Importing MS/MS data from MGF files
MGF files store one to multiple spectra, typically centroided and of MS level 2. In our short example below, we load MGF files which are provided with this package. In a next section we also import data from an MGF file containing individual peak annotations. Below we first load all required packages and define the paths to the MGF files.
library(Spectra)
library(MsBackendMgf)
fls <- dir(system.file("extdata", package = "MsBackendMgf"),
full.names = TRUE, pattern = "^spectra(.*).mgf$")
fls
## [1] "/__w/_temp/Library/MsBackendMgf/extdata/spectra.mgf"
## [2] "/__w/_temp/Library/MsBackendMgf/extdata/spectra2.mgf"
## [3] "/__w/_temp/Library/MsBackendMgf/extdata/spectra3_empty_peaks.mgf"
## [4] "/__w/_temp/Library/MsBackendMgf/extdata/spectra4.mgf"

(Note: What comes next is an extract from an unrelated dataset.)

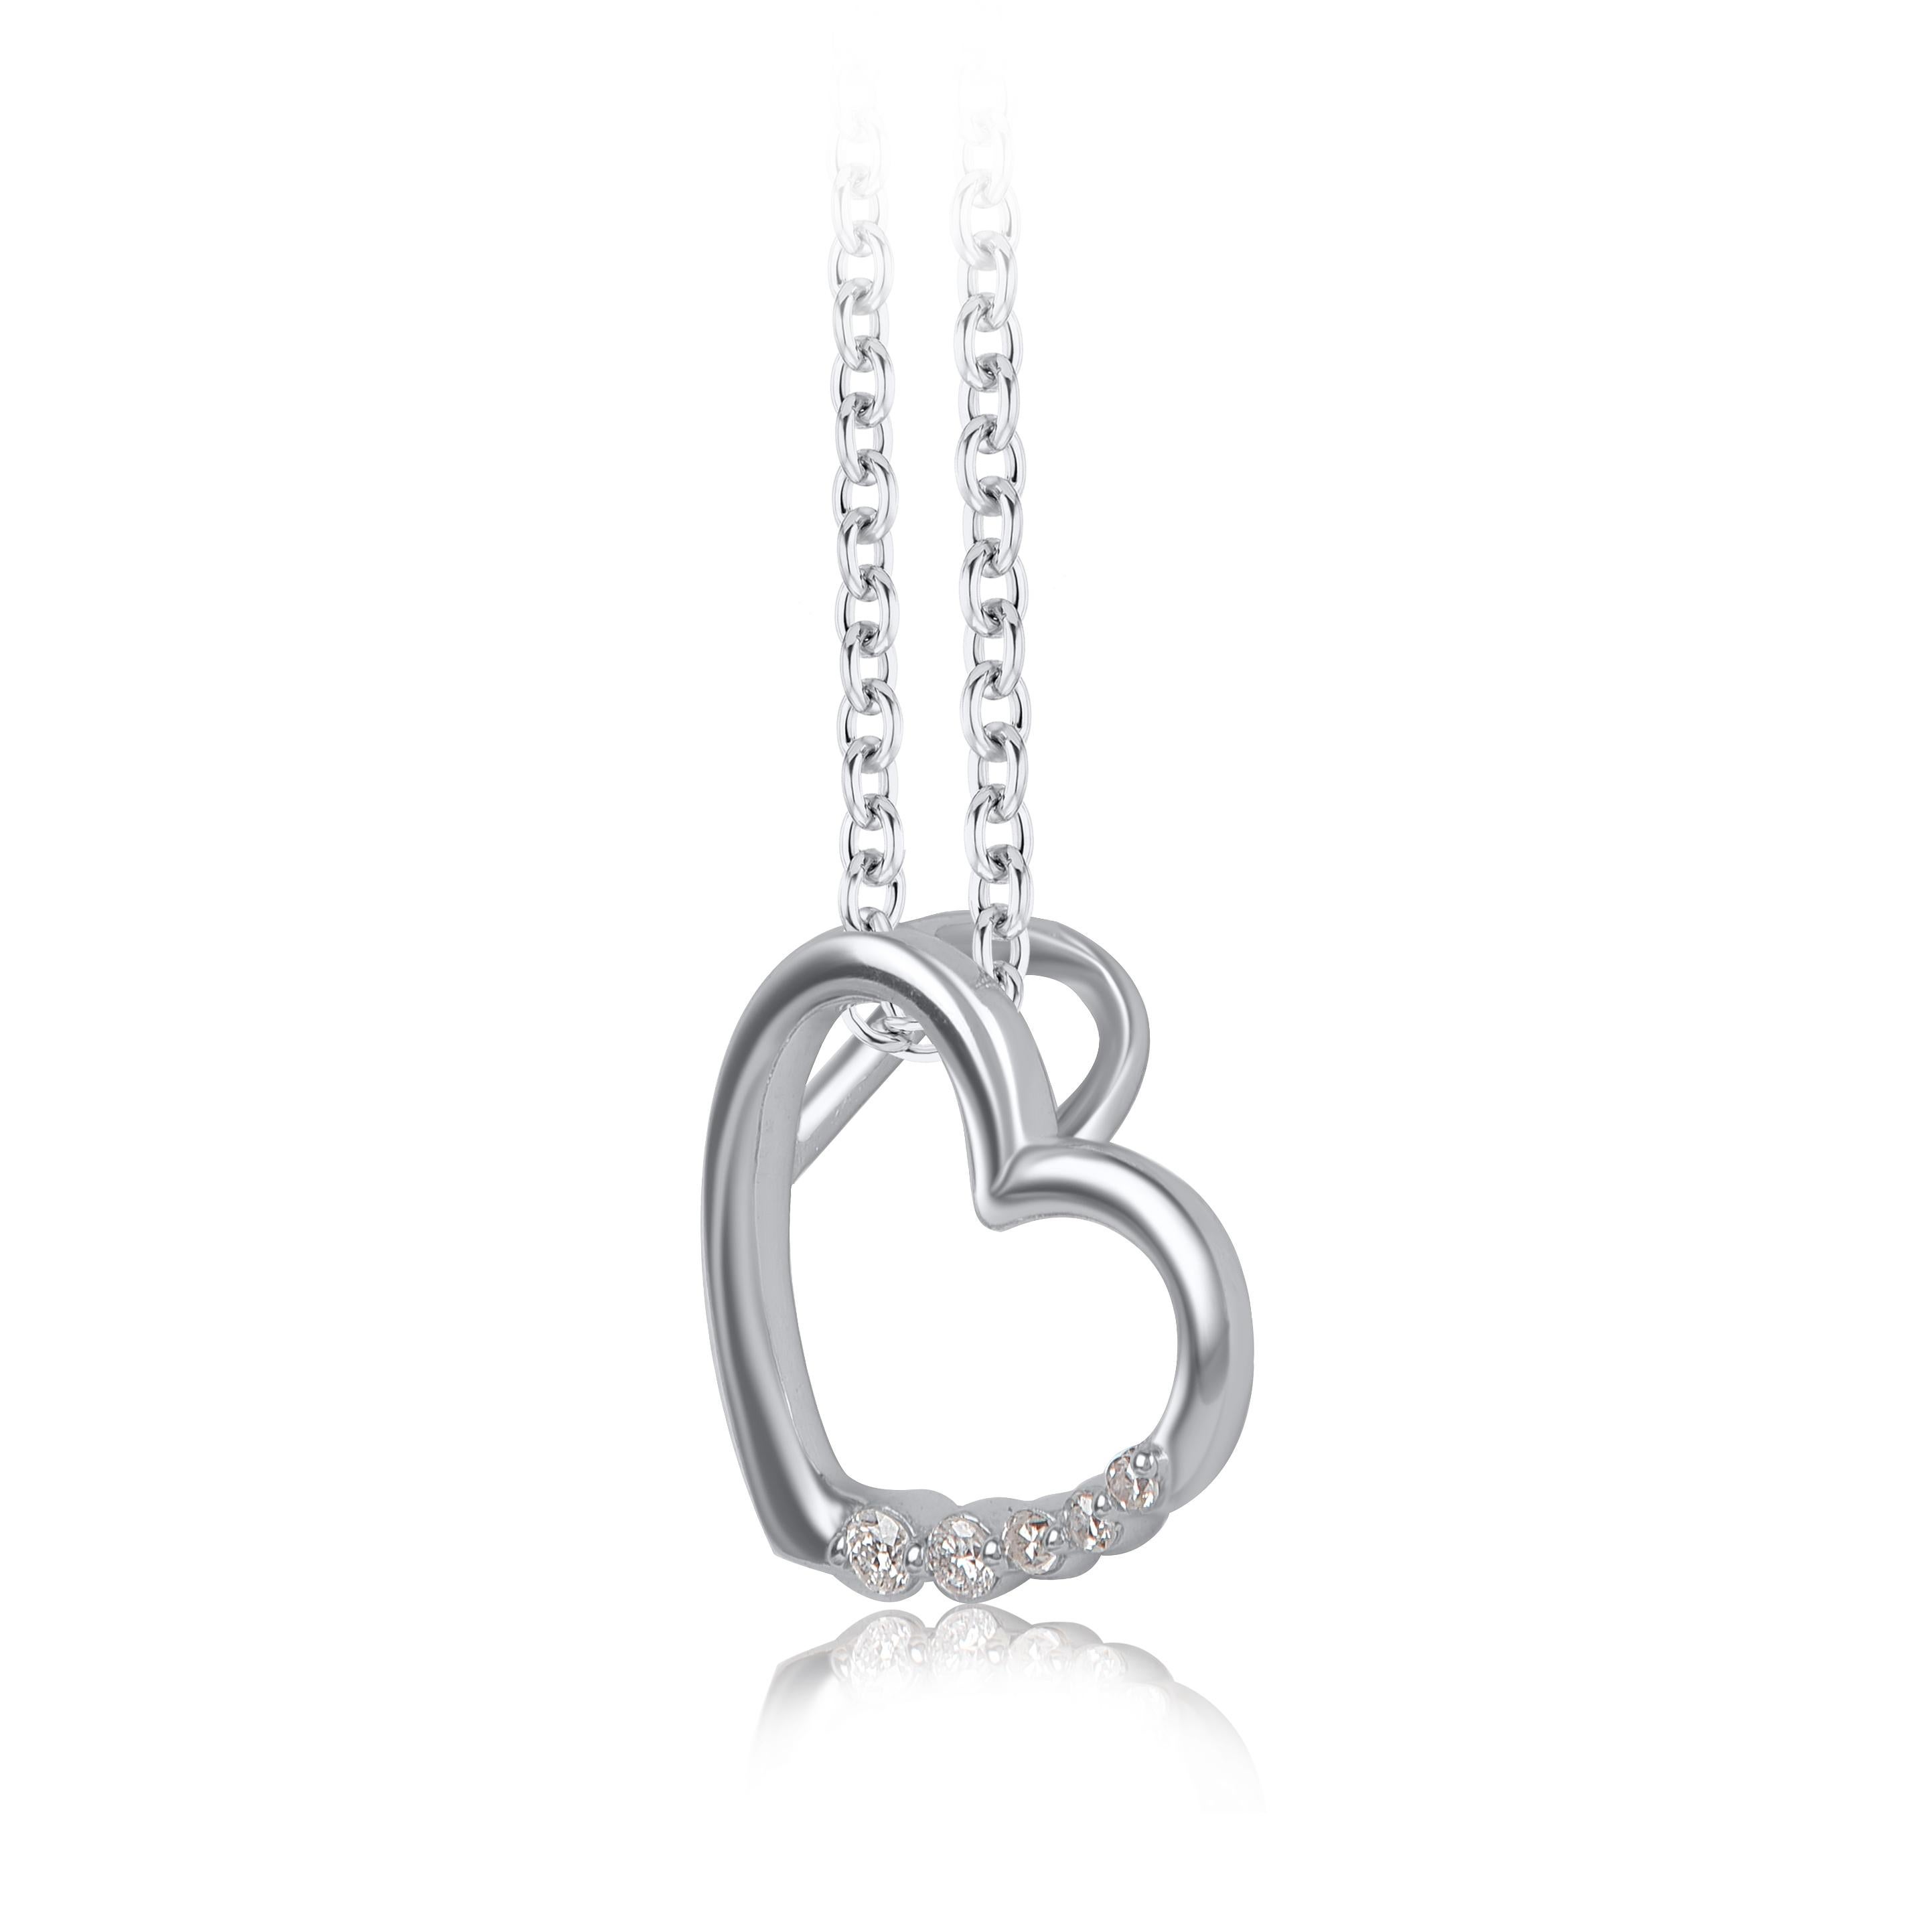 Surprise the one you love with this mesmerizing diamond heart pendant. This heart pendant is crafted from 14-karat white gold and features 5 single cut & brilliant cut diamonds set in prong setting. H-I color I2 clarity and a high polish finish

MS data can be accessed and analyzed through Spectra
objects. Below we create a Spectra
with the data from these
MGF files. To this end we provide the file names and specify to use a
MsBackendMgf()
backend as source to enable data
import.
sps <- Spectra(fls, source = MsBackendMgf())
## Start data import from 4 files ... done
With that we have now full access to all imported spectra variables that we list below.
spectraVariables(sps)
## [1] "msLevel" "rtime"
## [3] "acquisitionNum" "scanIndex"
## [5] "dataStorage" "dataOrigin"
## [7] "centroided" "smoothed"
## [9] "polarity" "precScanNum"
## [11] "precursorMz" "precursorIntensity"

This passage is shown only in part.